How many of those phones are older then 2 years?

Why does that matter?

 

 

 

3 hours ago, James Evens said:

Sounds great? 

1 year: next model launch's

2 year: still sold

3 years: by now it should be of the market

Yeah. Not impressive if you ask me as this still comes down to 1-2 major updates.

What do you mean? With Samsung you're getting 3 major Android upgrades. If your phone launches with Android 10, then you will get updated to Android 11, Android 12, and Android 13. It will not be on the latest update once Android 14 gets released, roughly 4 years after the launch of the device. I really don't understand what kind of math you're doing to turn that into "1-2 major updates". 

 

3 hours ago, James Evens said:

What  improved is security fixes but still not great.
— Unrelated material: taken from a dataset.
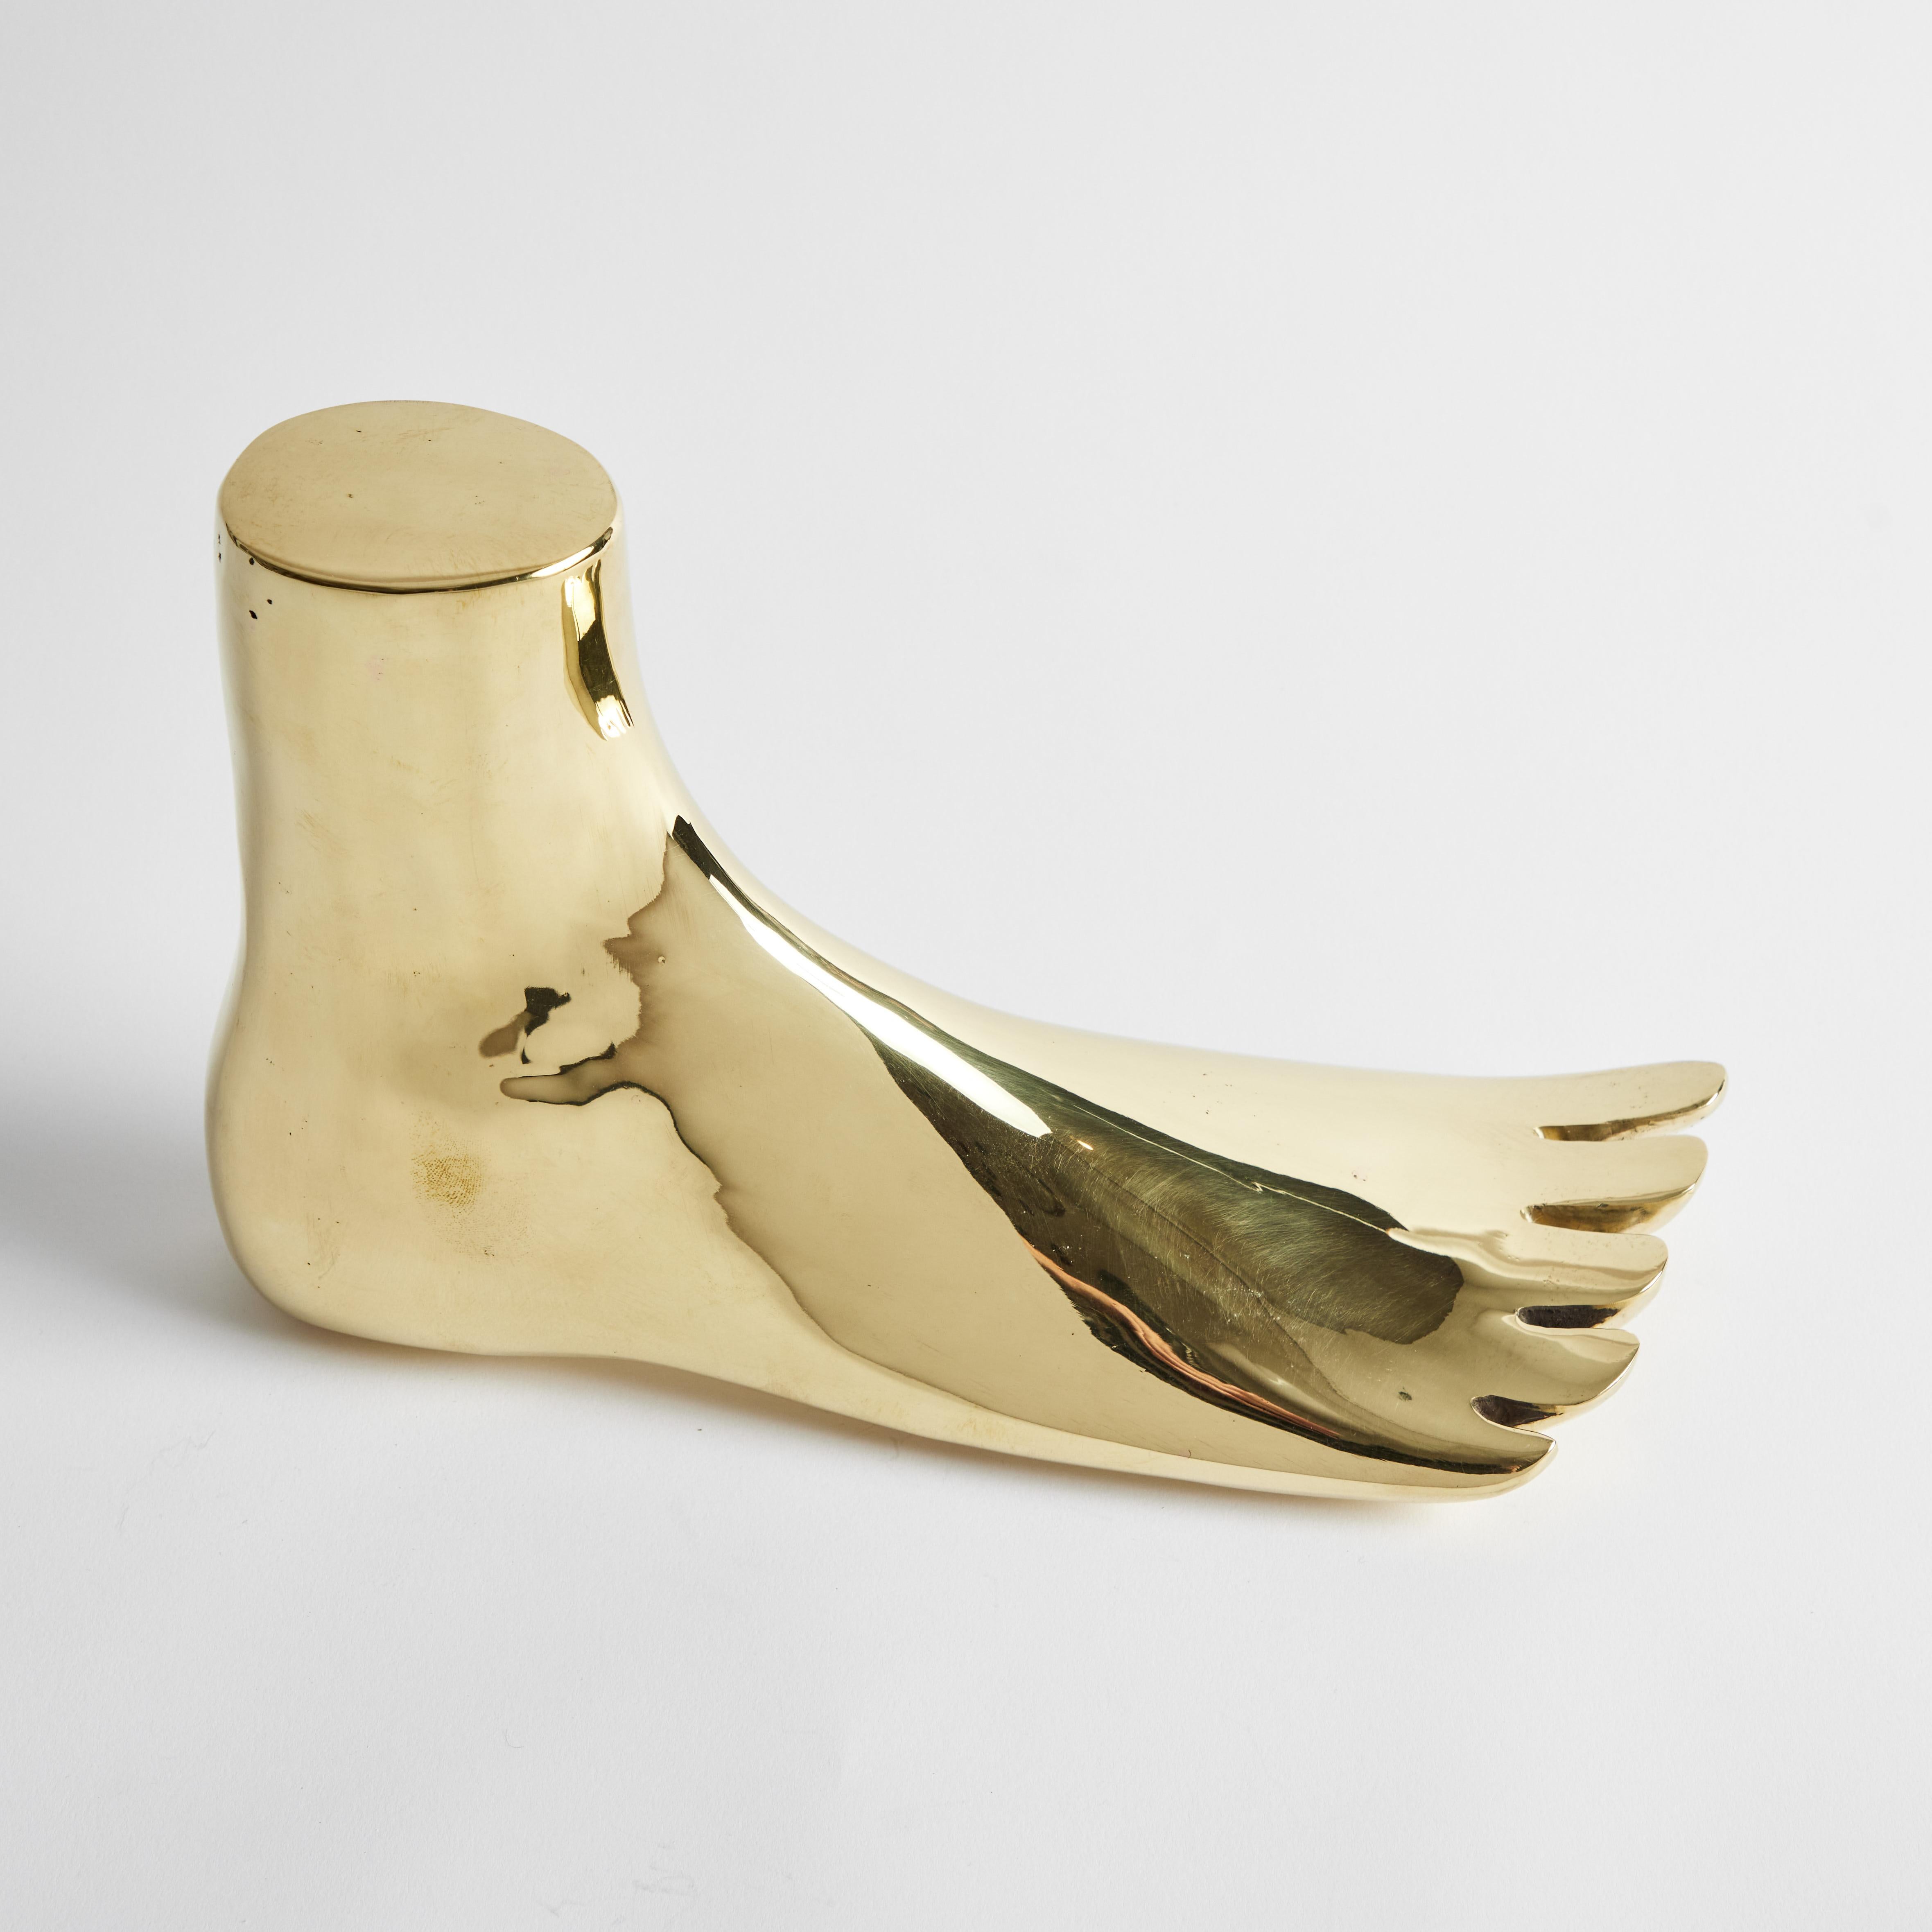 Lebensgroße Carl Auböck Modell #4273-3 'XL Foot' Skulptur aus poliertem Messing. Diese in den 1950er Jahren entworfene, eindrucksvoll skalierte Variante wird von der Werkstätte Carl Auböck, Österreich, aus poliertem, unlackiertem Messing

How is that not great? Most OEMs, at least the ones like Samsung, are pushing out monthly security updates. How is that "not great"?

 

3 hours ago, James Evens said:

The only thing saving android here is how horribly inefficient it is otherwise a 5 year old phone would be still perfectly adequate for the majority of people

I actually think 5 year old phones are adequate for the majority of people. Android isn't inefficient by the way. Not sure why you think it is.

 

 

3 hours ago, James Evens said:

if you used old Windows phones or bb 10 you know what I mean. They aged extremely well compared to android phones with the same SOC

You can't be serious. 

They "aged well" because they could barely do anything. If software for those platforms had continued to evolve instead of die then they would have aged just as well/poorly as Android phones. Also, Windows Phones certainly didn't age well. Microsoft flat out abandoned several platforms and said "nope, we won't upgrade any handset with these chipsets". How is that "aged well"?

If Google came out and said 2 year old Android handsets wouldn't get updates anymore because the hardware was not good enough I am sure you would be talking about how poorly optimized Android is, yet here you are defending Microsoft and the horrendously bad OS called Windows Phone.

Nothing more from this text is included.